Studying bacteria using nanofabrication and microfluidics. (A) Escherichia coli bacteria use their flagella to exploit submicrometer crevices for surface attachment [Reprinted with permission from (5) (reference list of full paper online)]. (B) Biofilm streamers form in a meandering flow channel (Pseudomonas aeruginosa, red; extracellular polymeric substances, green) [Reprinted with permission from (93)]. (C) E. coli undergo a shape transition when squeezing into a nanofabricated channel as shallow as half their width [Reprinted with permission from (26)]. Scale bars, (A) 2 µm; (B) 200 µm; and (C) 5 µm.

Advances
Nanofabrication and microfluidics have expanded our view on a myriad of bacterial phenomena. Microfluidics provides ways to study individual bacteria in dynamic and well-defined environments and has been used to address long-standing questions concerning bacterial aging and antibiotic persistence.

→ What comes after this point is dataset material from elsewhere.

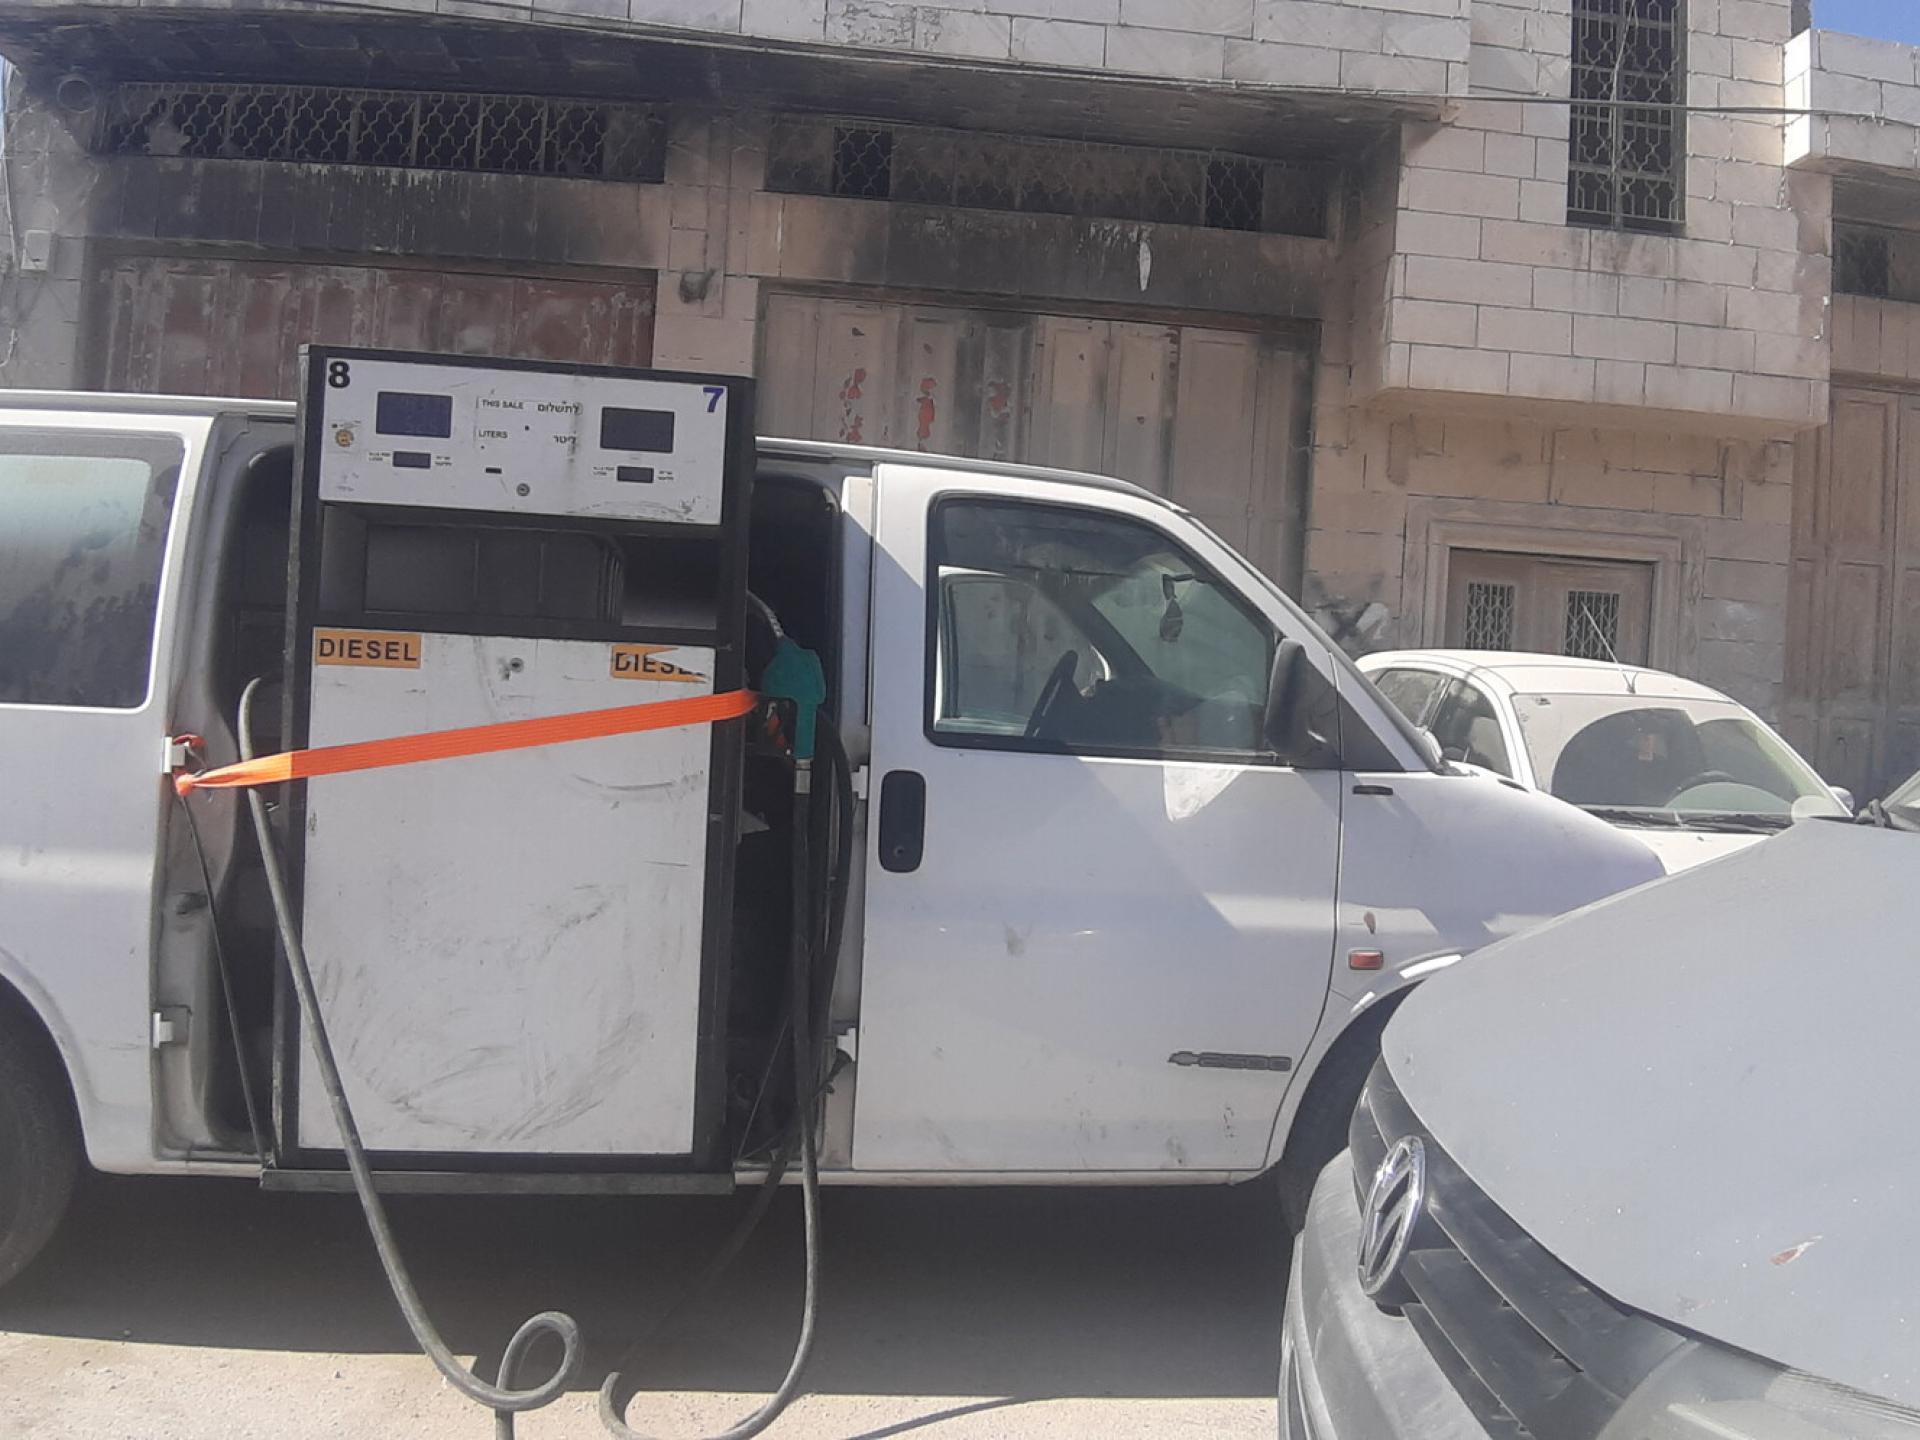 תחנת הדלק שהורכבה על גבי מכונית

Biological insights have been gained by exploring bacterial growth and movement in nanofabricated constrictions and revealed that bacteria can penetrate constrictions as narrow as only half their width. Furthermore, nanofabrication has been used to discriminate between competing hypotheses regarding the mechanisms that underlie intercellular electron transport. Confinement of single bacteria in tiny volumes has provided an individualistic perspective on collective phenotypes and demonstrated that density-dependent behaviors can even be exhibited by individuals. Bacteria growing in nanofabricated chambers adopt predefined shapes and have been used to study the geometry dependence of intracellular processes. Microfluidics and nanofabrication have been combined to create synthetic ecosystems in which the spatial eco-evolutionary dynamics of bacterial communities can be explored. Various approaches to mimic the intricate spatial structure of natural bacterial habitats now contribute to our understanding of competition and cooperation within bacterial populations. Microfluidic platforms have boosted research on unculturable environmental species by eliminating the need for pre-analysis culturing. On-chip whole-genome amplification of environmental isolates has recently provided a first genotypic glimpse on this “dark matter of biology.”

Outlook
Looking ahead, it is clear that the doors that nanofabrication and microfluidics have opened will continue to make important contributions to basic bacteriology research. A comprehensive investigation of the uncultured majority with microfluidic technologies, for instance, may uncover the vast potential of currently unknown species. Practical applications such as microbial fuel cells or antibacterial surfaces will benefit from the understanding of bacterial behavior at the nanoscale. Microfluidic devices are now beginning to be commonly used in microbiology labs because of a demand for precise measurements in complex environments that can be controlled at the microscale. This trend will undoubtedly continue as scientists delve deeper into the complex lives of bacteria.